Unexpected Lymph Node Pathology in Neck Dissection for Head and Neck Cancer

두경부 종양환자에서 경부 림프절의 예기치 않은 병리적 소견

  • Oh Kyung-Kyoon (Department of Otolaryngology-Head and Neck Surgery, Korea Cancer Center Hospital) ;
  • Lee Guk-Haeng (Department of Otolaryngology-Head and Neck Surgery, Korea Cancer Center Hospital) ;
  • Lim Sang-Moo (Department of Nuclear Medicine, Korea Cancer Center Hospital) ;
  • Shim Yoon-Sang (Department of Otolaryngology-Head and Neck Surgery, Korea Cancer Center Hospital)
  • Published : 1994.06.01

Abstract

Neck dissection has become an integral part of the staging and management of head and neck tumors. This paper reports a series of head and neck patients who had pathological findings in their neck dissection specimens, which were unrelated to their primary tumors. In 7 cases, there was unexpected pathology in the cervical lymph nodes which was not related to the primary tumor. Four cases were squamous cell carcinomas and 3 were thyroid carcinomas. In 3 cases of squamous cell carcinomas, there were no evidence of metastatic squamous cell carcinoma in neck dissection specimen; however, the lymph nodes were found to be involved by metastatic papillary carcinoma in one larynx cancer, metastatic adenocarcinoma in the other larynx cancer, tuberculosis in one nasopharynx cancer.

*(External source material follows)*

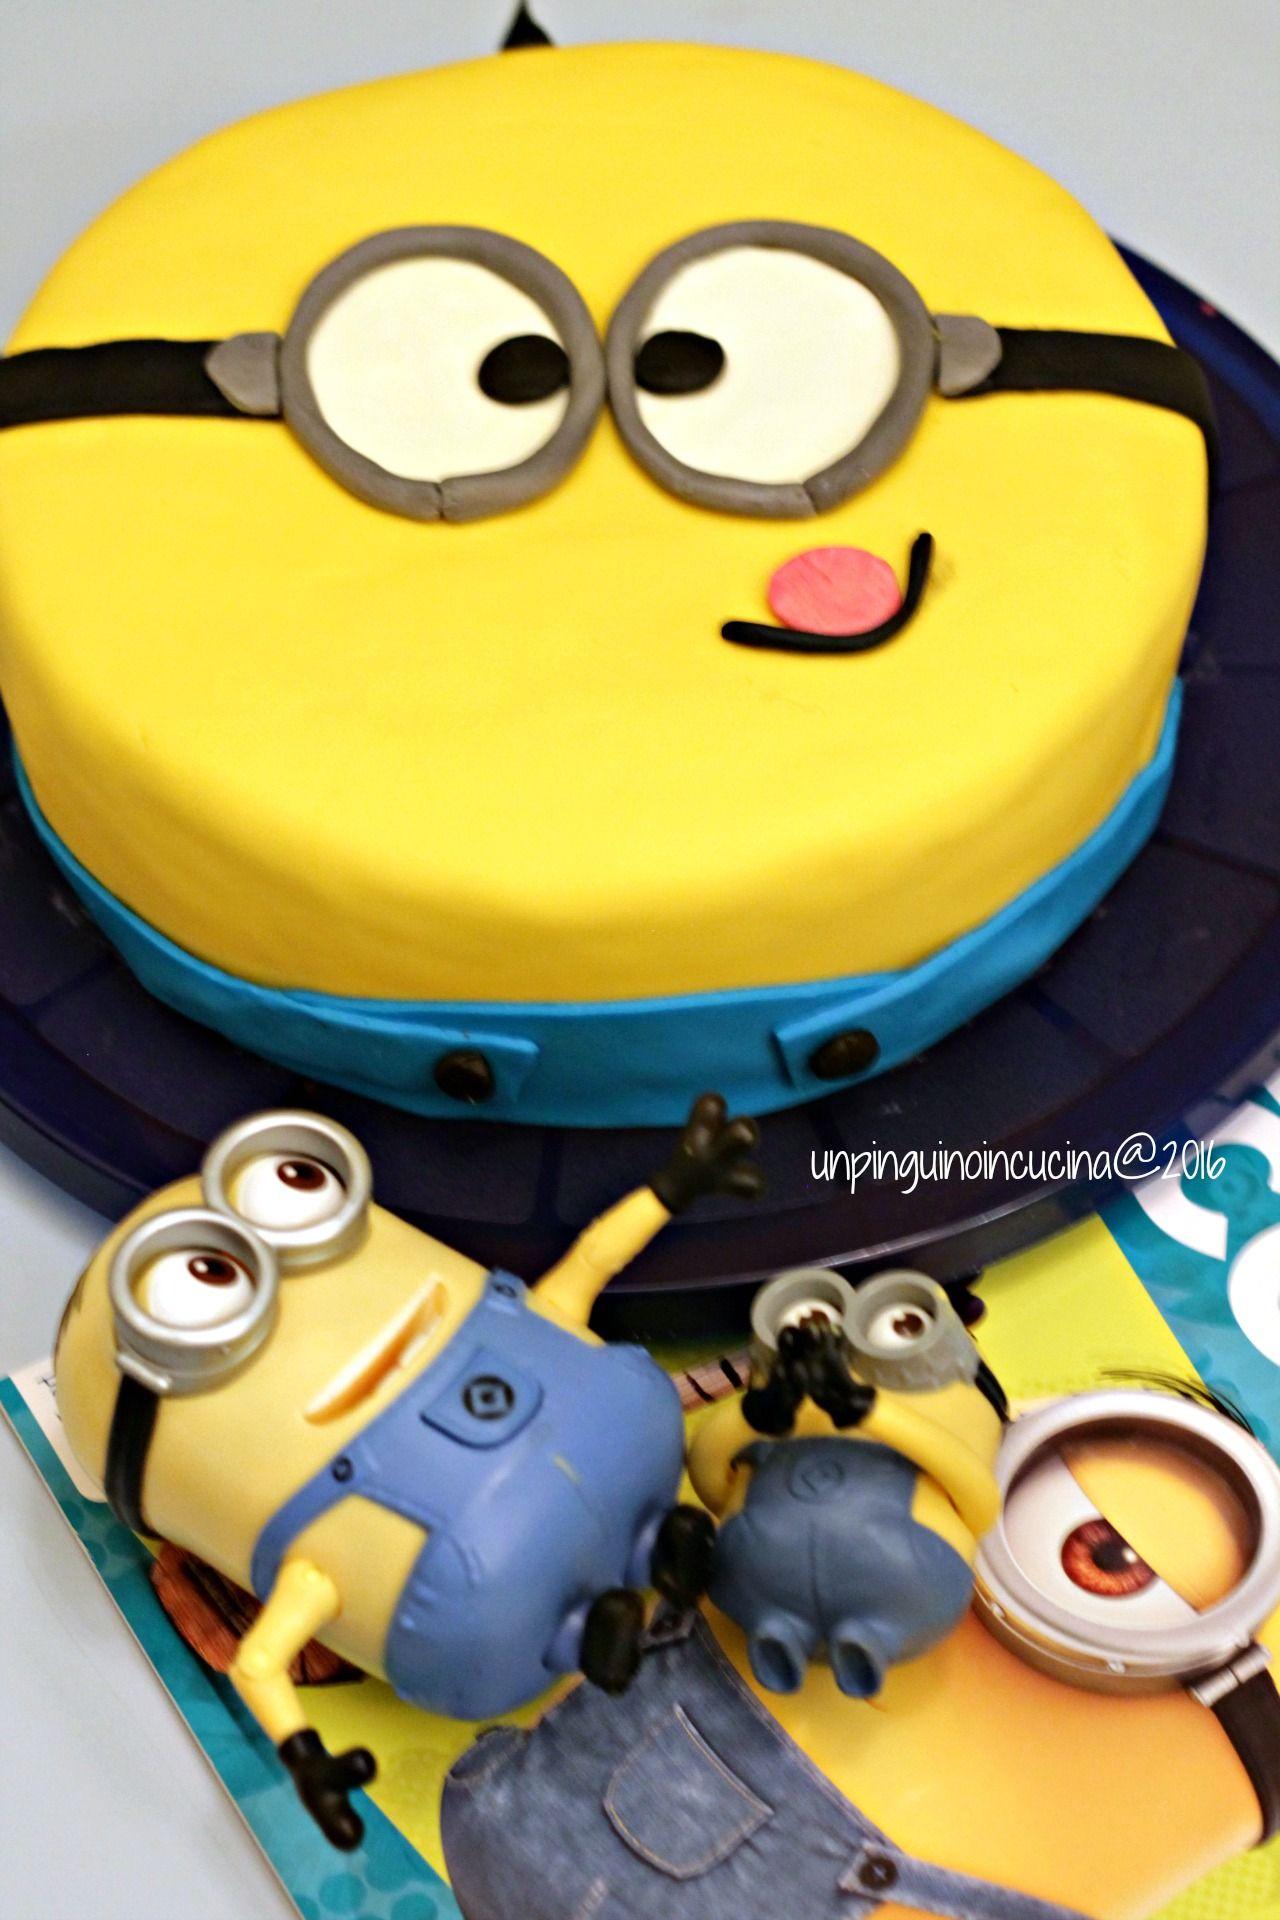 Minion Cake - Torta Minion   Un Pinguino in Cucina

In three of neck dissection specimen of carcinoma(two thyroid carcinomas, one laryngeal carcinoma), dual nodal pathology was found: Each of these specimen contained carcinoma with tuberculosis of the lymph nodes in three cases. In one thyroid carcinoma, there was no evidence of metastasis; however, the lymph nodes were found to be involved by tuberculosis. Preoperative assessment did not reveal any findings to alert us to the possibility of a synchronous pathological process in the cervical nodes of this group of 7 patients. In particular, there was no evidence of active pulmonary tuberculosis in the 5 patients with active lymph node disease.